Serious study into female ejaculation has only occurred recently. Some ancient cultures depicted what seems to be female ejaculation in their artworks, but despite some historical evidence documenting female ejaculation in the past, medicine has in the main attributed the expulsion of fluids by females to "poor bladder control" or "urinary incontinence". Others thought that the expulsion of fluid was the result of excess vaginal secretions. Research in the last few decades has shown both these suggestions to be incorrect and that in fact nearly half of all women can experience ejaculation either through self stimulation or sexual activity with a partner. To the women that ejaculated, it was all a mystery. Whilst female ejaculation was generally thought to occur at the time of orgasm, it can in fact occur in the lead up to orgasm as well. In fact, female ejaculation can occur at any time during sexual arousal.

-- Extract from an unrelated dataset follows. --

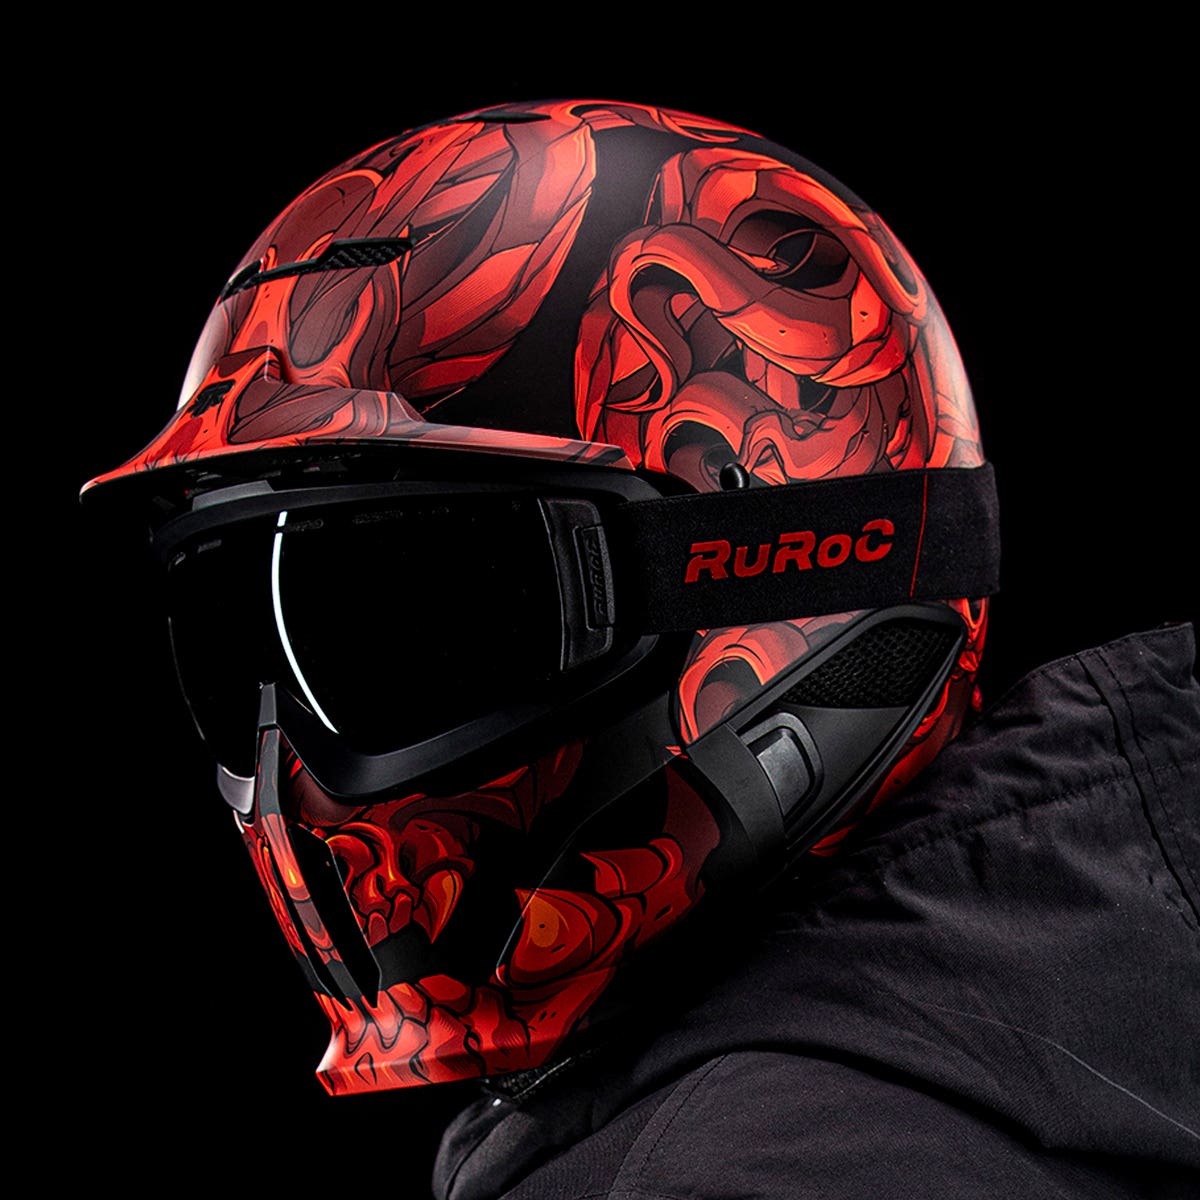 RG1-DX Snow-Sports Helmet - El Diablo (2020)
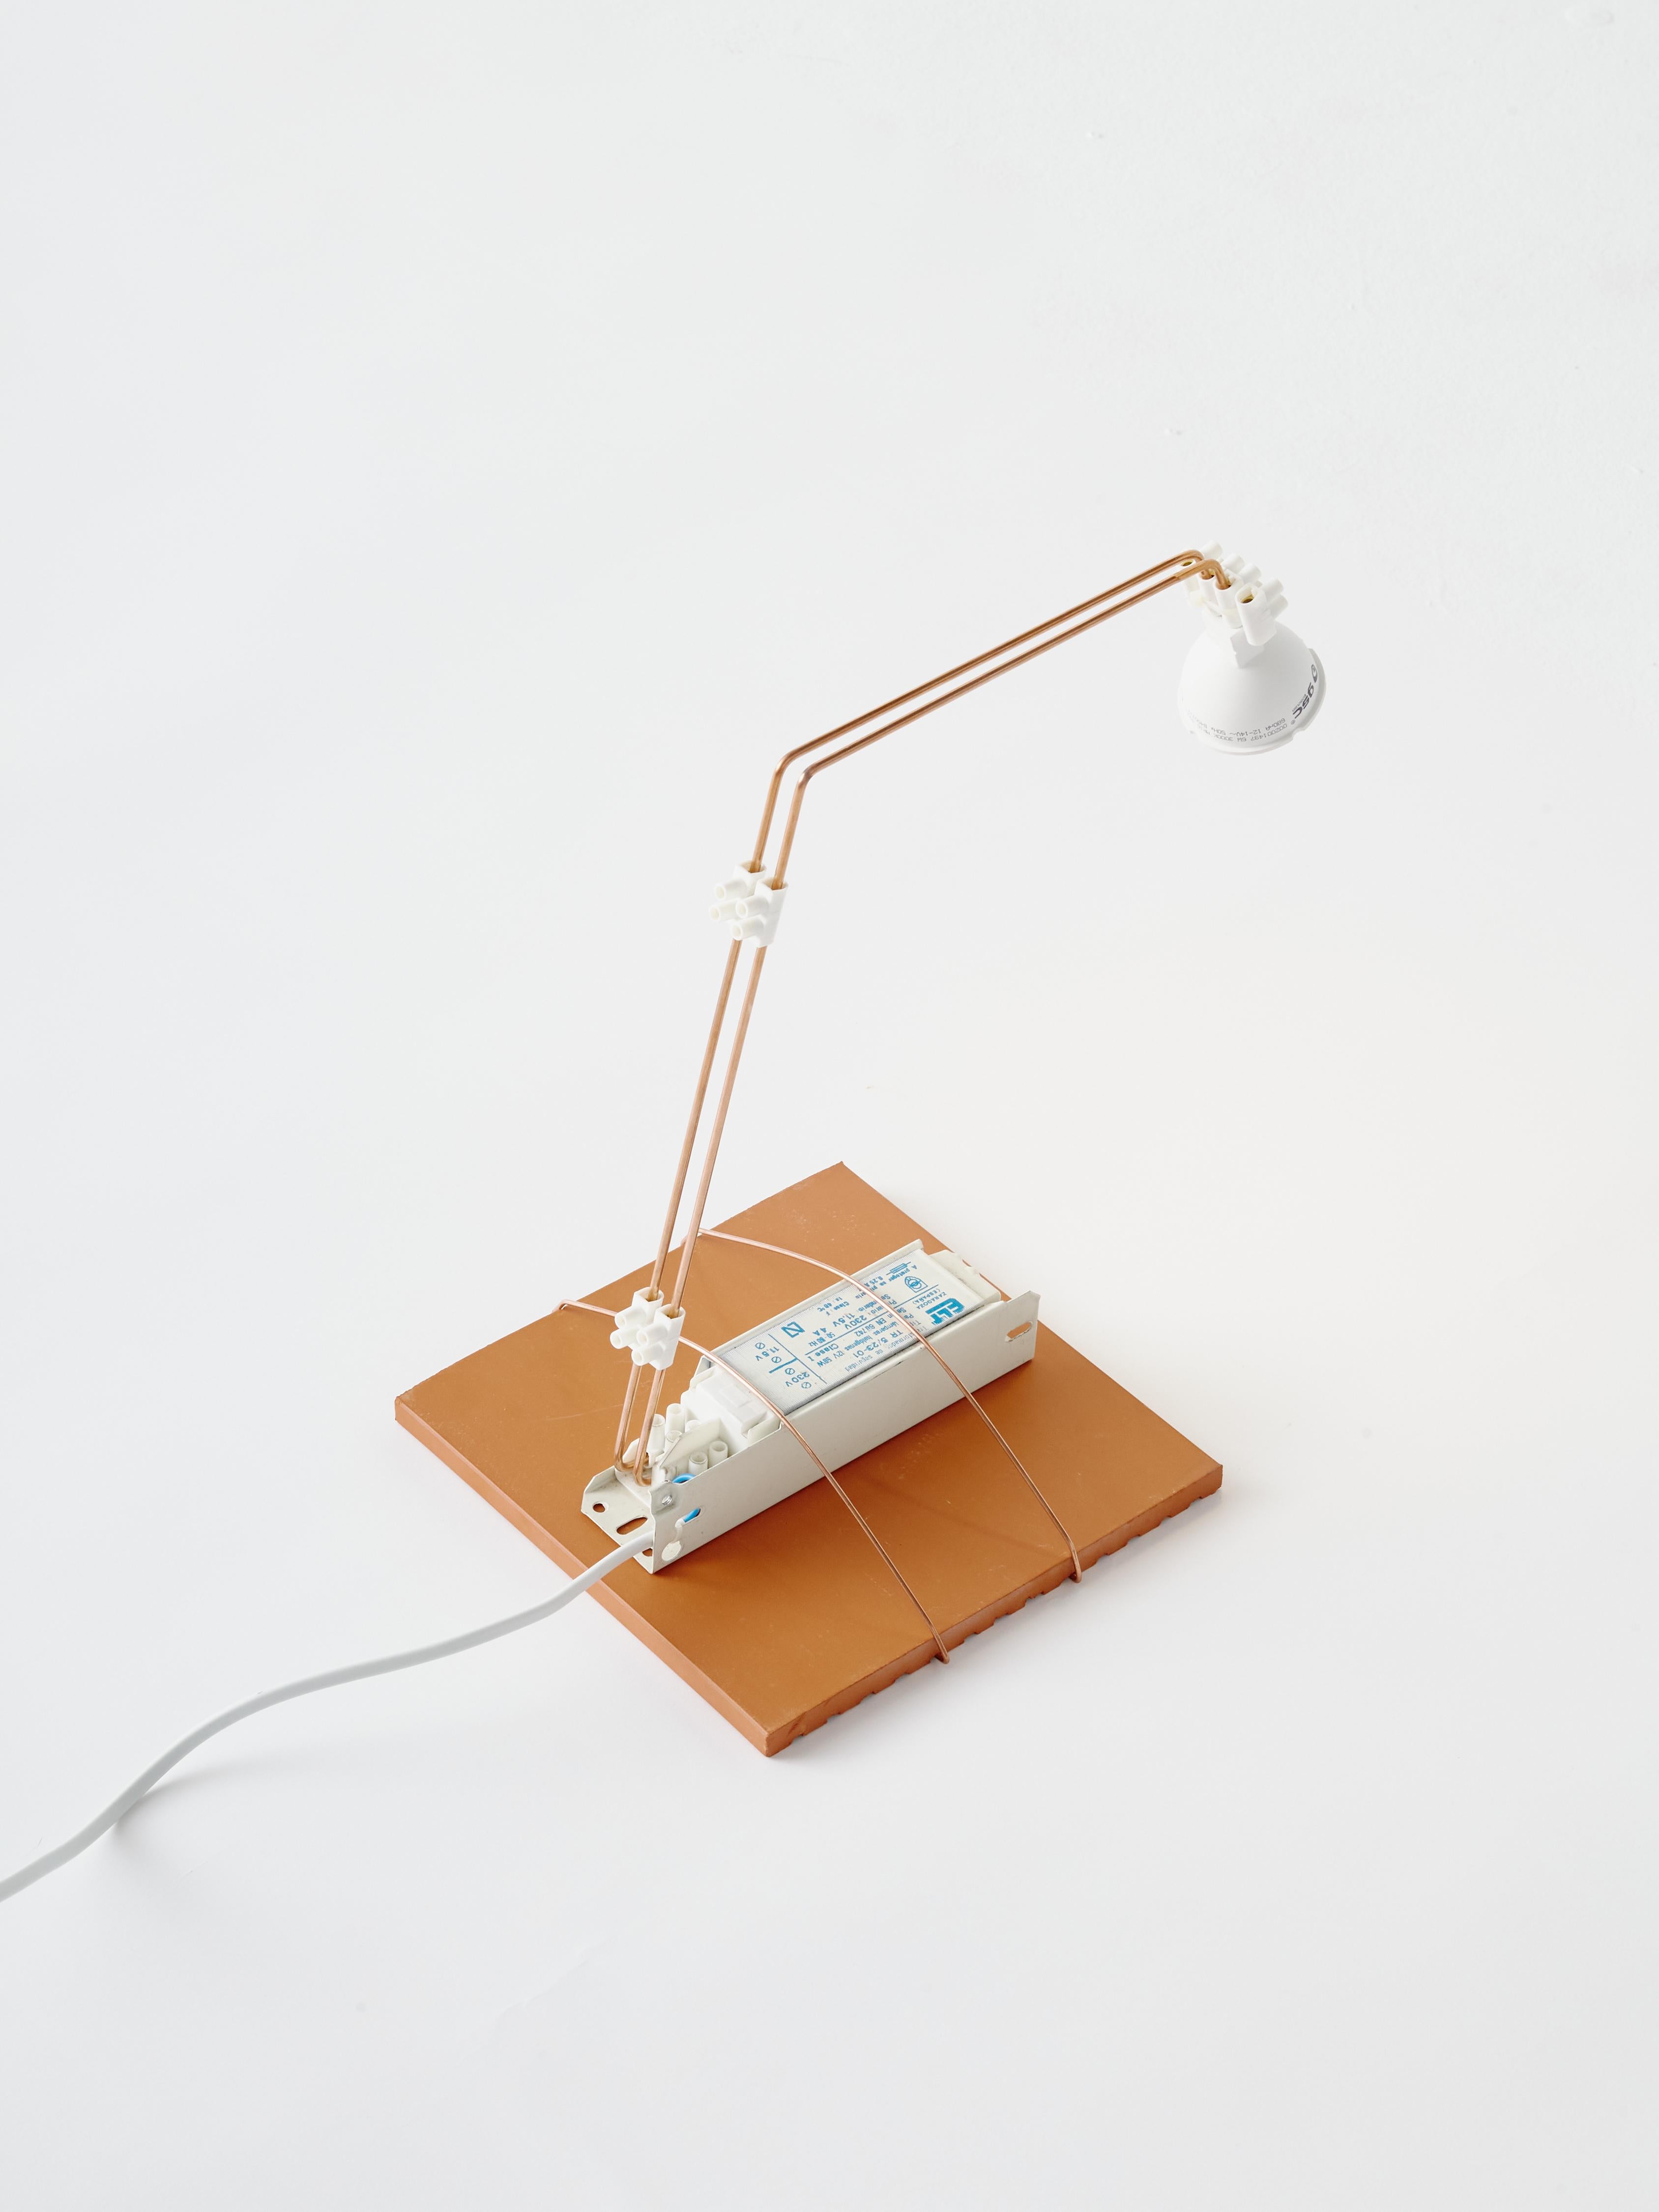 B.A.R.E 'Small Simple' Table Lamp ist ein Stück aus der Serie Brick, Appliances, Rods and Electricity (B.A.R.E). Diese Lampenkollektion wird mit Ziegeln oder Fliesen auf den Sockeln hergestellt, aus denen Eisenstabstrukturen und elektrische

While female ejaculation is the common expression, ejaculation is perhaps the wrong word for it. While some women report a "gushing" or "squirting", others say the liquid is expelled with little force, in fact some called it a "dribble". Amounts can vary; anything from a few drops to a cupful can be the result. Tales of "gushing female orgasms" are probably a little off the mark but there is no doubt that some women ejaculate both copiously and with great force.
When female ejaculation occurs, the consensus is that it comes from the urethra and not the vagina. As we learnt previously, the g spot surrounds the urethra and is composed of tissue very similar to the male prostate gland. Researchers say it is this paraurethral tissue that produces the ejaculate. Consequently, the description of the g spot as the female prostate is probably not that far off the truth!
The ejaculate itself is surprisingly similar to male ejaculatory fluid. It is this fluid in men that carries the sperm and together make up the male ejaculate - semen. There is some agreement on the make up of female ejaculate. A liquid very similar to male prostate fluid is certainly in evidence in female ejaculate but there is often a significant quantity of other fluid - either from the bladder or urethra as well. It seems that both the quantity of ejaculate differs between women as does the make-up of the ejaculate. After repeated tests, one thing is certain, it is definitely not urine.